Lancefield resident Paul Carter has been interrogating these questions in his own way since he moved to the shire.

Arriving in the small town from London in 1986, Mr Carter was immediately captured by his surroundings.

“It all came as a complete and absolutely delightful surprise,” Mr Carter said.

“I landed on my feet and when I looked around, I realised the population was really talented, and with such varied artistic abilities.”

Mr Carter confessed that his move to the shire brought out his own creative urges.

He is an author of several books, an 11-time Archibald Prize semi finalist and a garden sculptor.

His most recent work, a documentary entitled Lancefield Dreaming, was a passion project of his own design. In it, he attempted to answer a question he had long held about his home: What is the source of Lancefield’s ‘specialness’?

His investigation took him back through the history of the Wurundjeri Woi Wurrung, Dja Dja Wurrung and Taungurung people, who are believed to have inhabited the area as early as 26,000 years ago.

Mr Carter said these communities would convey knowledge and creative expression in what is referred to as Songlines. Passed down between elders through generations, Songlines tied human expression to history, and often, naturally, with reference to the environment.

“Before the project I hadn’t appreciated the significance of the local first people’s population,” he said.

Mr Carter said this research helped clarify his own infatuation with the Macedon Ranges, and why it made him to explore his own creative urges.

“It makes sense. Even today, you can feel that you’re stepping into a very ancient place.

“In that feeling there’s a peace to it, and there becomes the space and time to be creative. It’s like the whole community feels they have the freedom to express themselves.”

In the modern context, the importance of the shire’s natural environment, and the need to protect, is also a recurring point of focus for the Macedon Ranges council.

In April 2021, the council officially declared a climate emergency. Macedon Ranges is also one of only four council areas in the state to receive recognition under the Distinctive Area and Landscape Act, which affords additional powers to sustain the natural environment.

As an author and a board member of the Macedon Ranges Literary Association, Michelle Scott Tucker was excited to jump on the team to organise the Mountain Writers’ Festival.

“Given the crucial nature of the environment at the moment, it just seemed like an obvious thing for us to do, particularly given that we are up here in such a beautiful location,” Ms Scott Tucker said.

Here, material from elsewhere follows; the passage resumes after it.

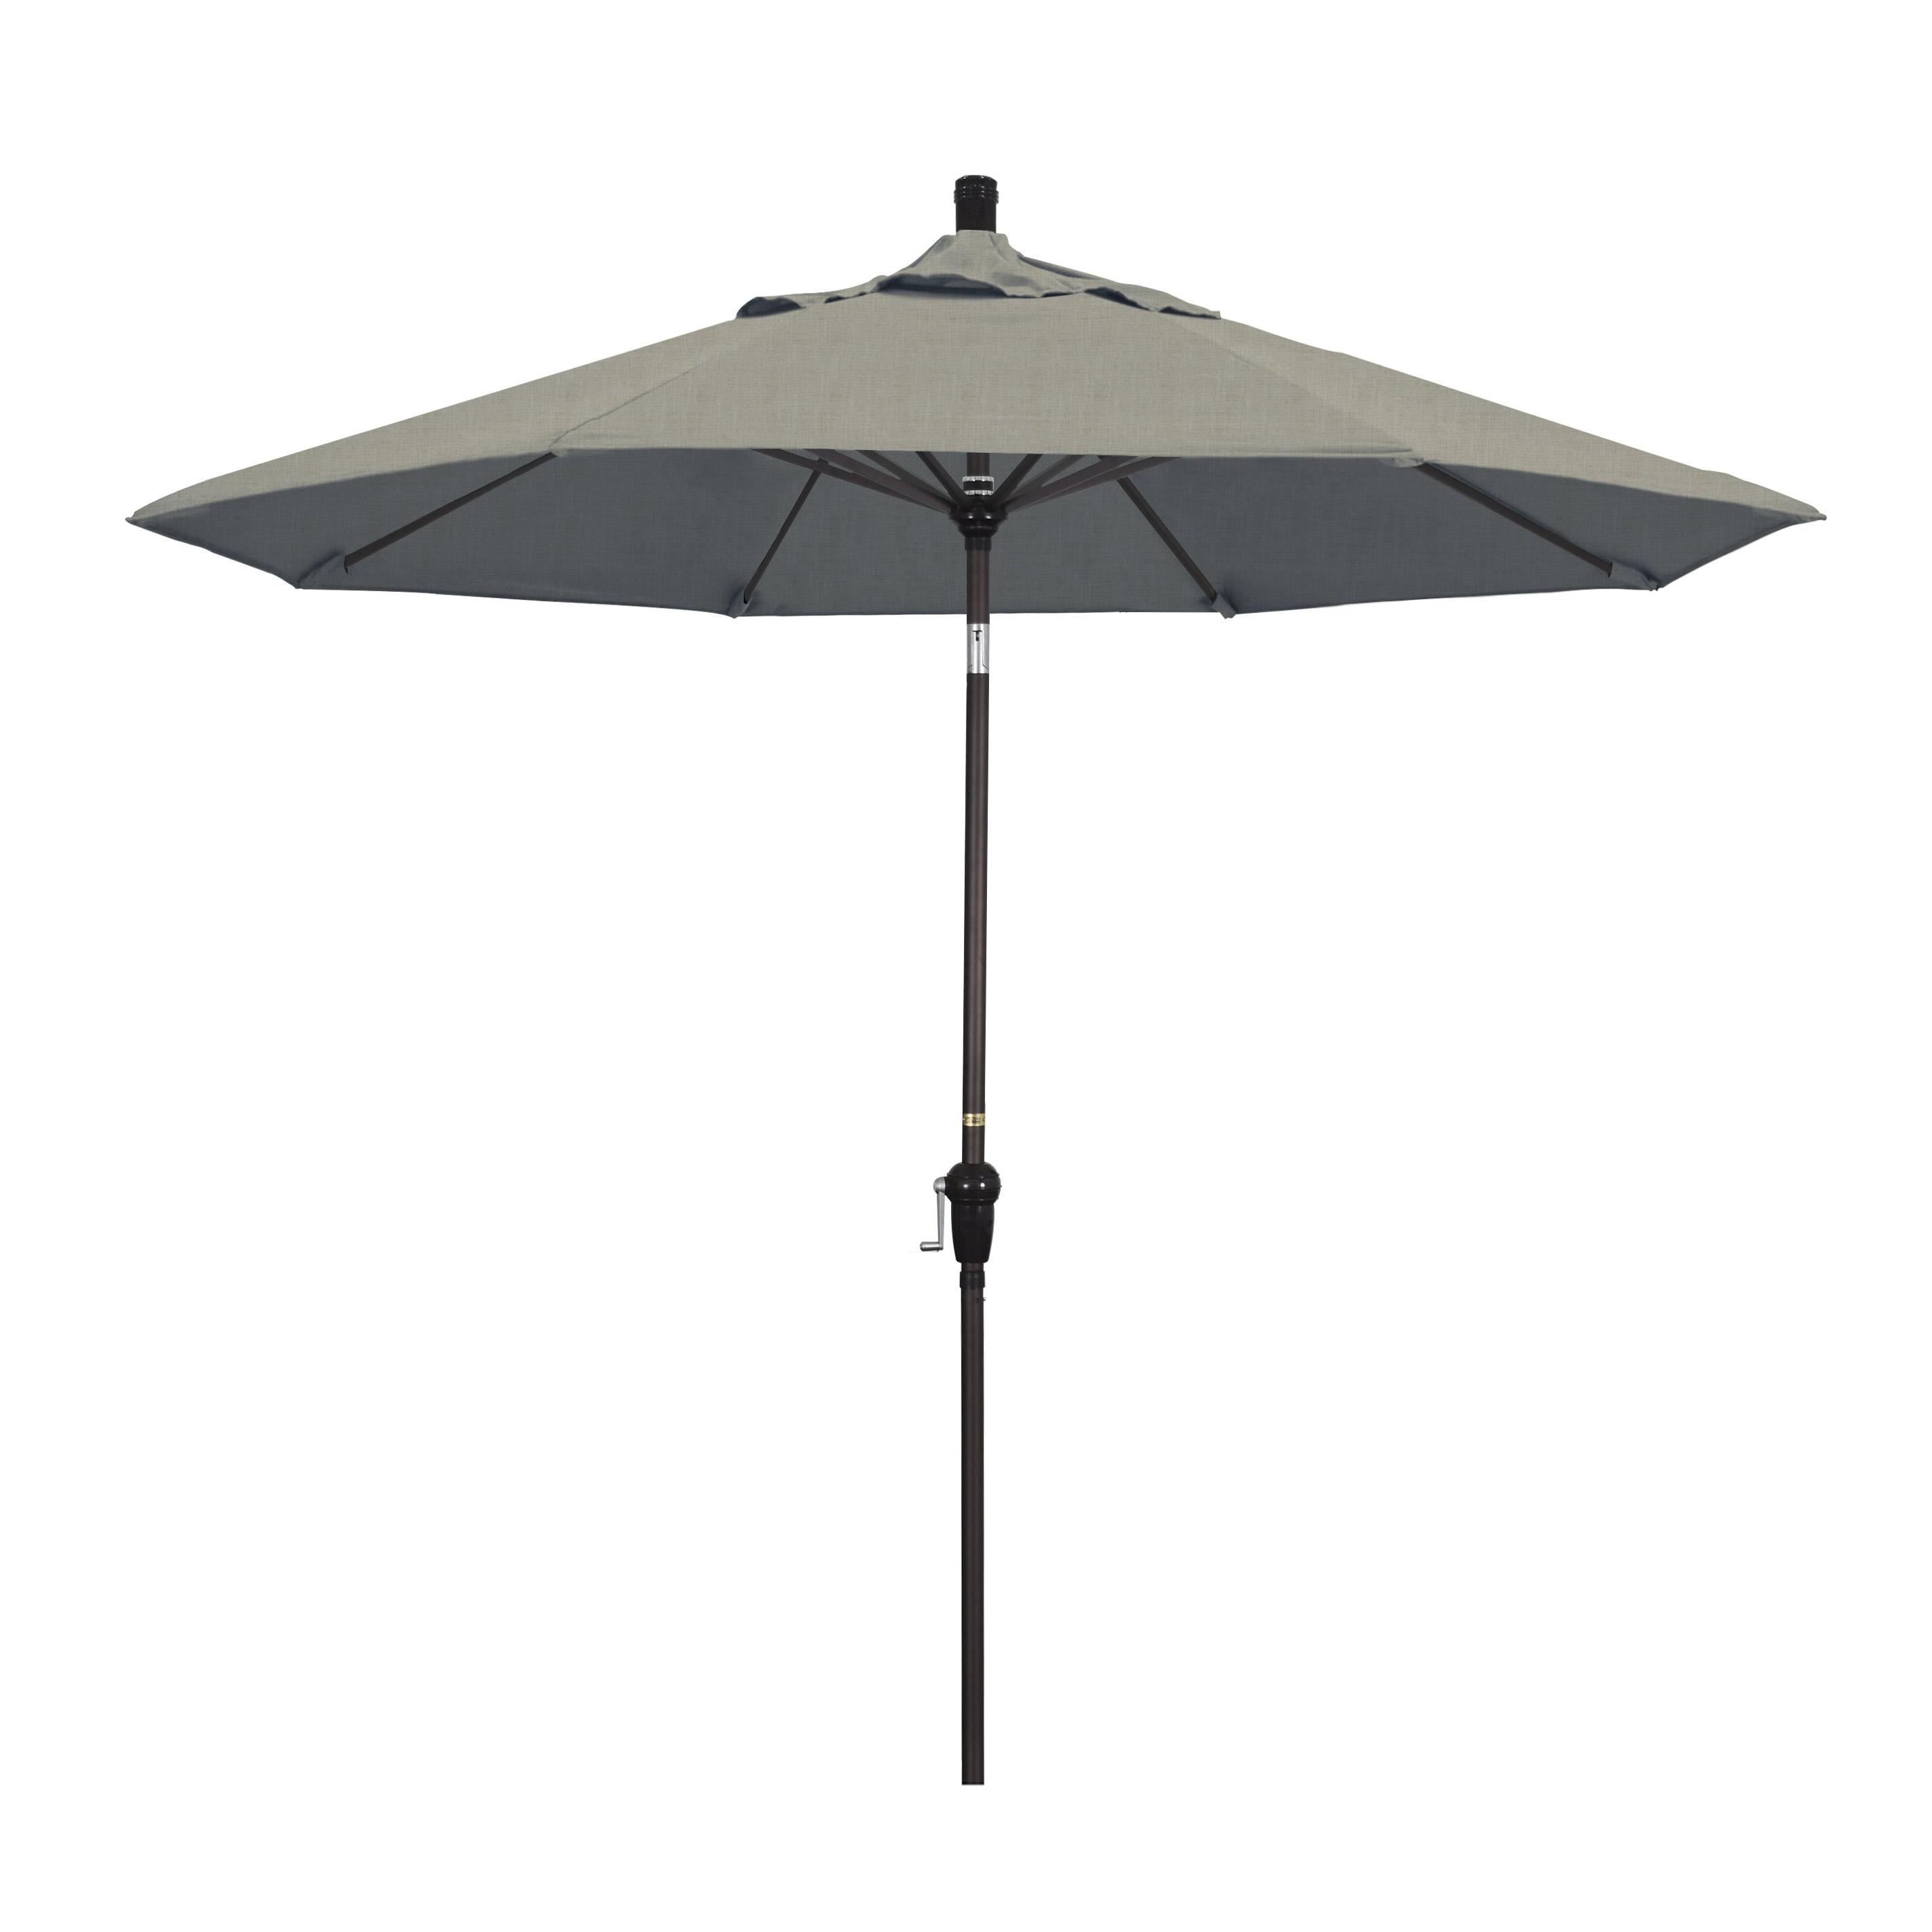 2019 Mullaney Market Sunbrella Umbrellas Pertaining To Mullaney 9' Market Sunbrella Umbrella (View 2 of 20)

In April 2021, Ms Scott Tucker led her own mobile writing workshop, which encouraged writers to step away from their desks and into the natural landscape.

“Almost anyone writing needs to have some sense of place. So even if you’re writing about other places, your embeddedness in your own landscape can make a difference,” she said.

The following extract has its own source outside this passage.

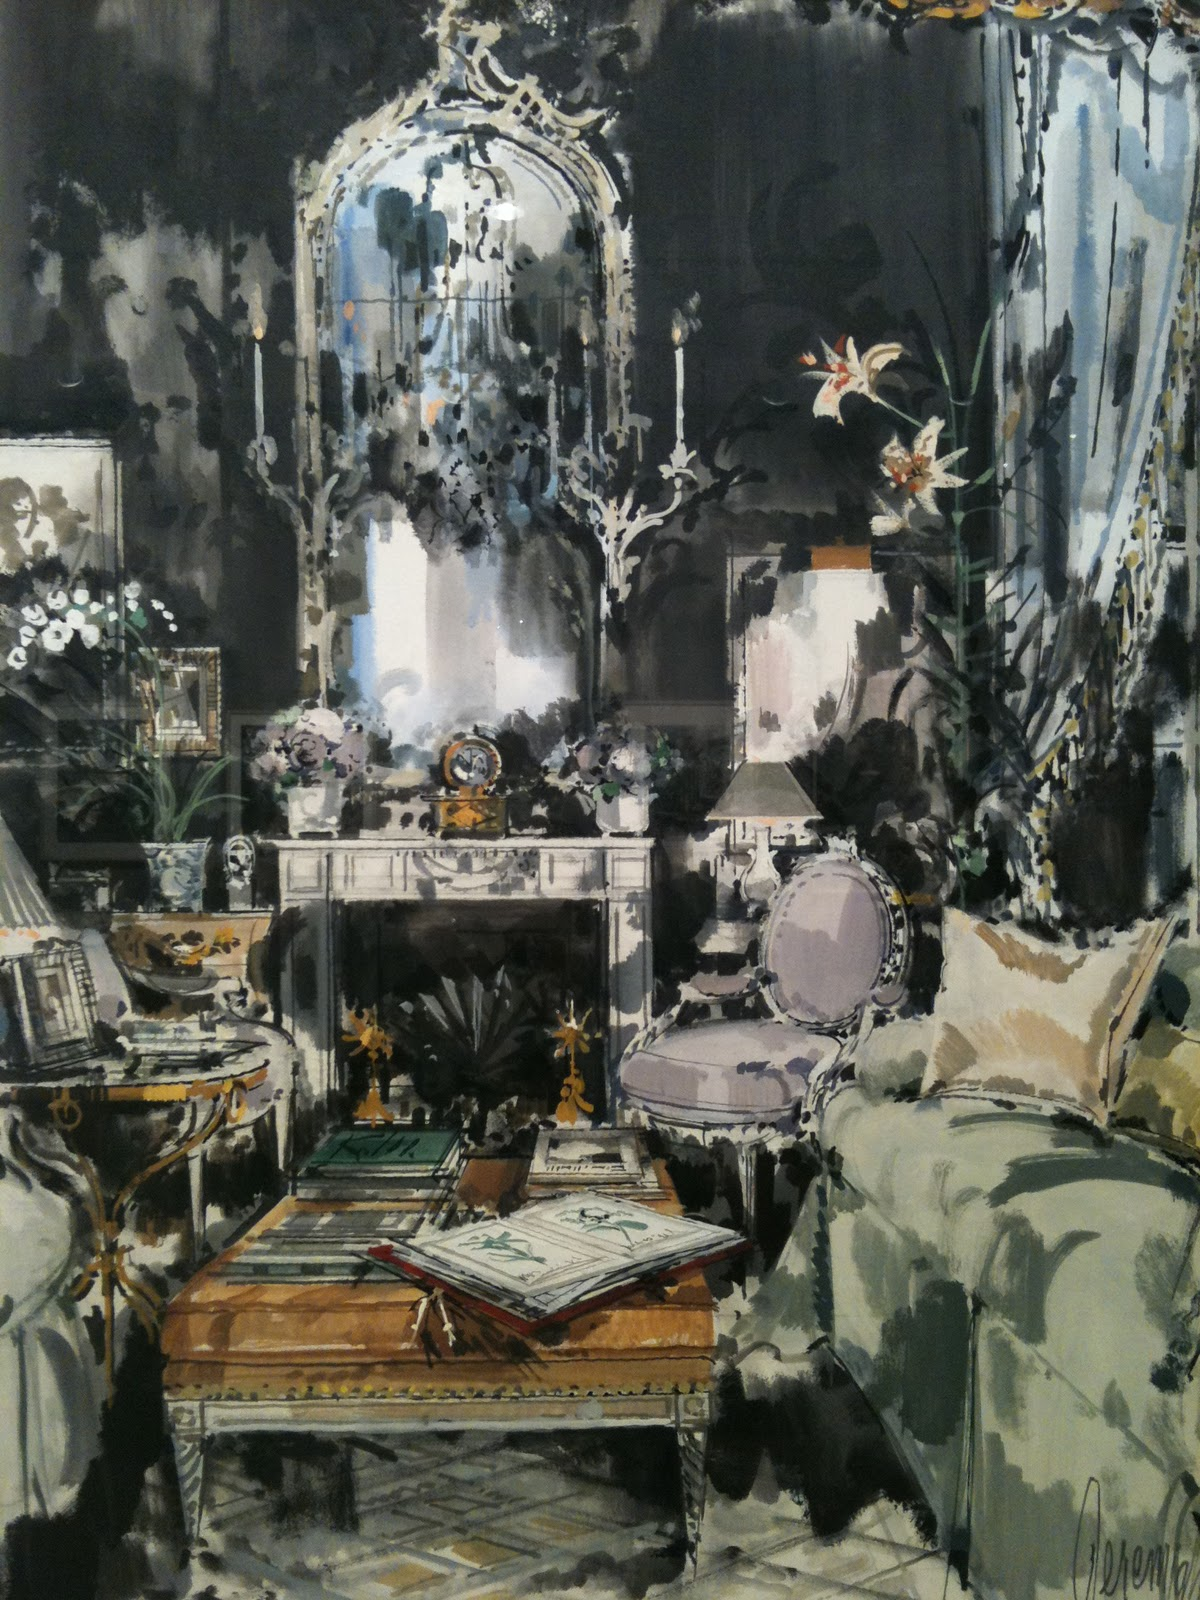 David Hicks's living room

“You connect with the natural element and somehow that acts on your subconscious in a really interesting way to help the story to fly.”

Ms Scott Tucker said she believed the pandemic and its associated lockdown measures had helped many to realise how crucial one’s surroundings can be to their mental health.

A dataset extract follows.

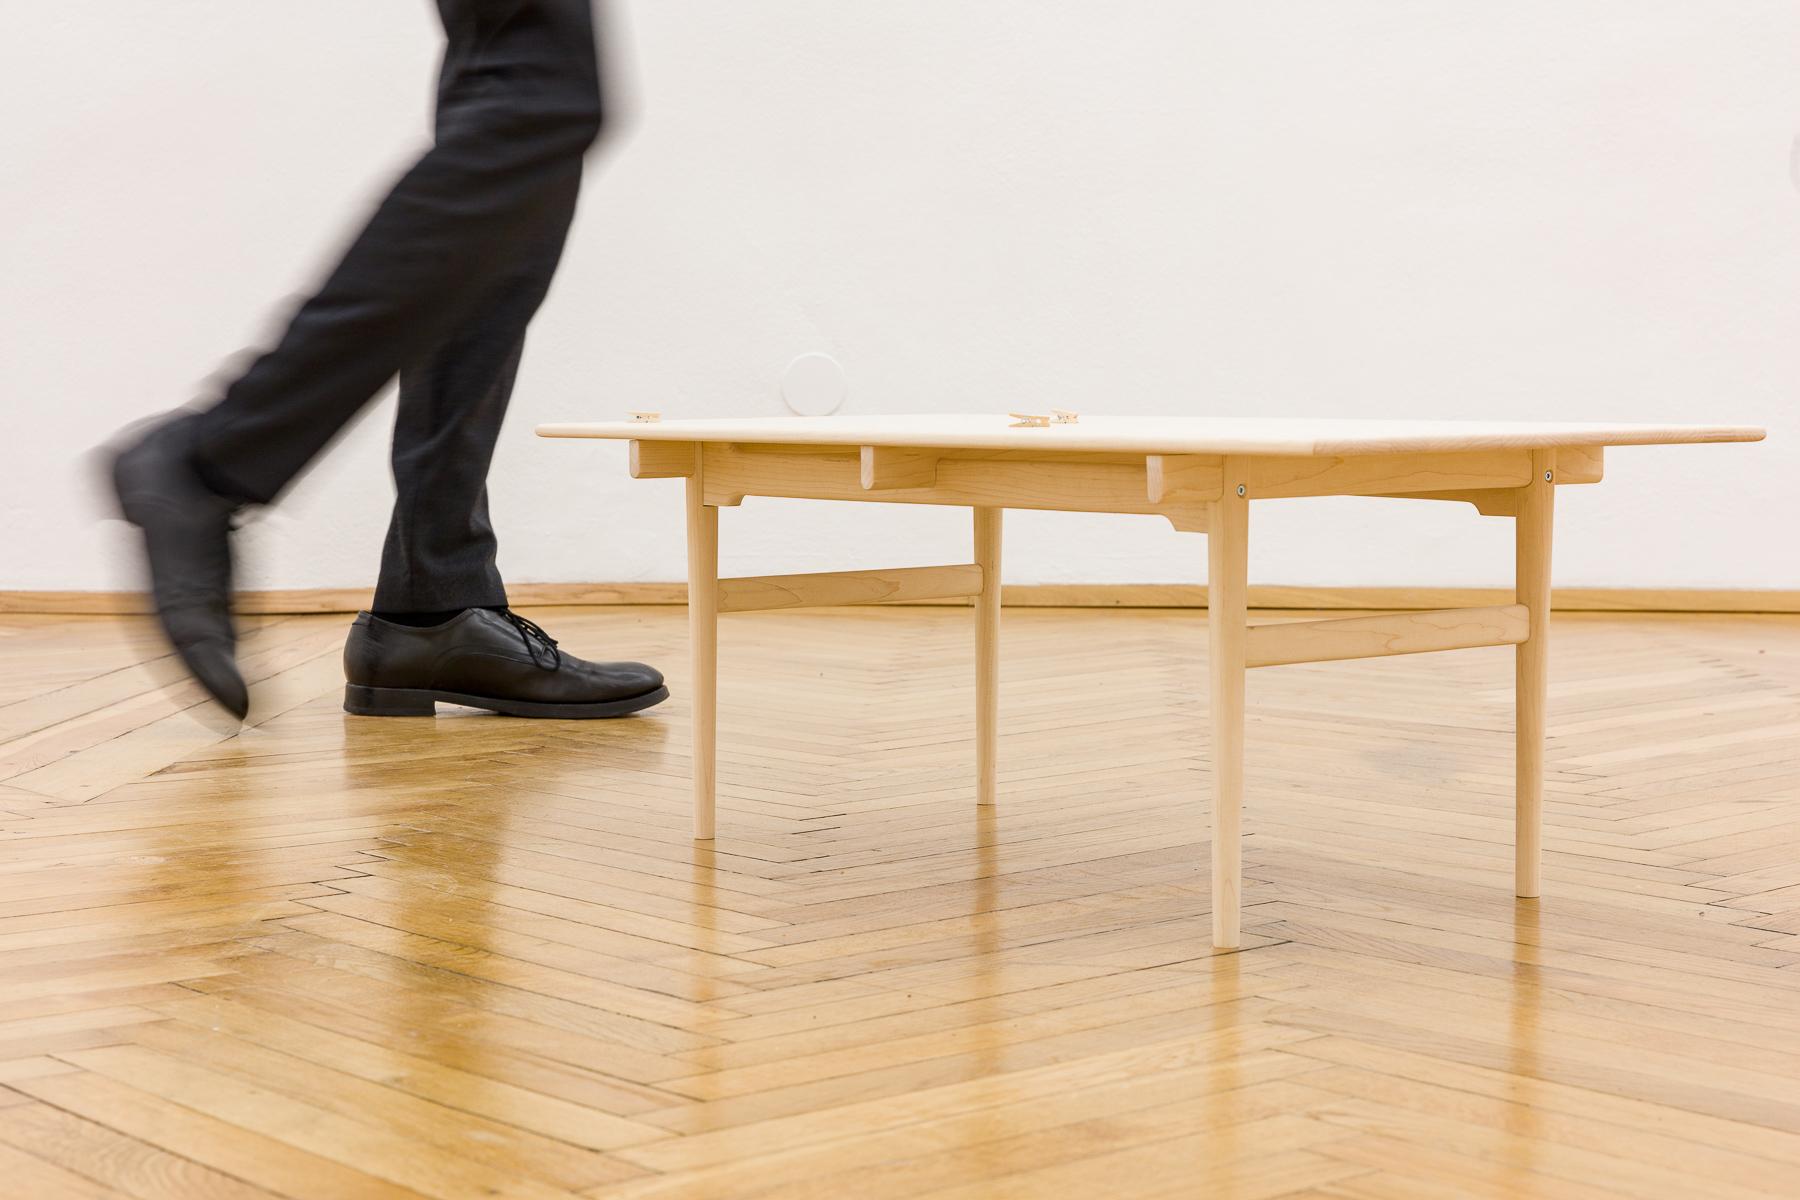 2019_01_25_Knut Ivar Aaser at Felix Gaudlitz_by kunst-dokumentationcom_016_web.jpg

Mountain Writers’ Festival director Sonia Orchard said she was very excited to welcome “some very big names” to the festival later in the year.

“We’re in this good, beautiful environment that writers love, with such an easy day trip from Melbourne, the idea [for the festival] just came naturally,” she said.

On March 26, the festival will welcome acclaimed authors Tony Birch, Evelyn Araluen, Tom Griffiths and Sophie Cunningham to the Macedon Wine Collective.

Ms Orchard said she hopes the experience will give attendees a taste of what life is like in the Ranges.

“I think being at the base of Mt Macedon, I found that incredibly powerful, waking up and looking at that every day,” she said.

“I know most people living here can relate to that in some, and it’s something that is very strong in indigenous cultures.”